(Task instructions): From the entries below, report how many lines contain the string "loose". Give only that number.

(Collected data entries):
┄┄┄┄┄┄┄┄┄┄

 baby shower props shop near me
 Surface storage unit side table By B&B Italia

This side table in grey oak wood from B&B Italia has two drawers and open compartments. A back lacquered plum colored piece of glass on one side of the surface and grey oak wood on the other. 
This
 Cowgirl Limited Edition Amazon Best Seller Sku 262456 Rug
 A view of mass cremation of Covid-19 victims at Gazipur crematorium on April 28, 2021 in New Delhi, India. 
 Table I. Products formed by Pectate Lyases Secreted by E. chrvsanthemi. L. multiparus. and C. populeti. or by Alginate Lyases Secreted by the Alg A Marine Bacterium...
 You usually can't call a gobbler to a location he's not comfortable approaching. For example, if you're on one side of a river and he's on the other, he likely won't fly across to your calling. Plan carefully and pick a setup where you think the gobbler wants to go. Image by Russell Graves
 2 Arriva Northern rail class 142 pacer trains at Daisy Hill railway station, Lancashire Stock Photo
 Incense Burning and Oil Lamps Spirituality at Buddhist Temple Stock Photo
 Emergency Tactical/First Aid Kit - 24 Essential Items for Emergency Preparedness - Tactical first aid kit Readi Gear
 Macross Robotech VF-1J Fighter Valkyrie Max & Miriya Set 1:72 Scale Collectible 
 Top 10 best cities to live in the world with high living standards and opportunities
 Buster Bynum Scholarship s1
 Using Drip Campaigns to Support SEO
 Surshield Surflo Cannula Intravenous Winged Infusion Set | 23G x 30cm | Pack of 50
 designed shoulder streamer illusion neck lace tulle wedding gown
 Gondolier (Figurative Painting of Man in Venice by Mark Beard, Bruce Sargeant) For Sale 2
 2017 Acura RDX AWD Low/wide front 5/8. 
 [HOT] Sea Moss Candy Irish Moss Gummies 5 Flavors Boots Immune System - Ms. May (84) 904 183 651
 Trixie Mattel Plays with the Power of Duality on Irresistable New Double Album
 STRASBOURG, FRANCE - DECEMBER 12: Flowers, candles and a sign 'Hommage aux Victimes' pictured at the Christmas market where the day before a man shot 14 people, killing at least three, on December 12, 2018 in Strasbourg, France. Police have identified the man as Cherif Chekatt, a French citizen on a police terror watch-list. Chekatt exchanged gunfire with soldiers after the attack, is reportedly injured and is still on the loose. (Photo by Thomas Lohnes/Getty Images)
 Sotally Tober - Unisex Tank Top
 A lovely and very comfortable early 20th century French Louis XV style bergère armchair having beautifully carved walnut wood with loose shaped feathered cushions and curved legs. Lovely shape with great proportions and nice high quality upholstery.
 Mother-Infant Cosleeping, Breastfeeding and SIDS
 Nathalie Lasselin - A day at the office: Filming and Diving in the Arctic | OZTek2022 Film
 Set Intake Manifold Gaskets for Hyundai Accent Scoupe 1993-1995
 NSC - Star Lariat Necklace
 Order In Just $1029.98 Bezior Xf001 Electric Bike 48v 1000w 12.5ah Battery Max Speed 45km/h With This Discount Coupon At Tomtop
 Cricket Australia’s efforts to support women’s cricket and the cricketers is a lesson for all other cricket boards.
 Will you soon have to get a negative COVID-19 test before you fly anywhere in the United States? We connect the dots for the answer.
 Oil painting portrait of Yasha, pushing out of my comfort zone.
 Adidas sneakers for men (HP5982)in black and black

┄┄┄┄┄┄┄┄┄┄

(Completed exercise): 2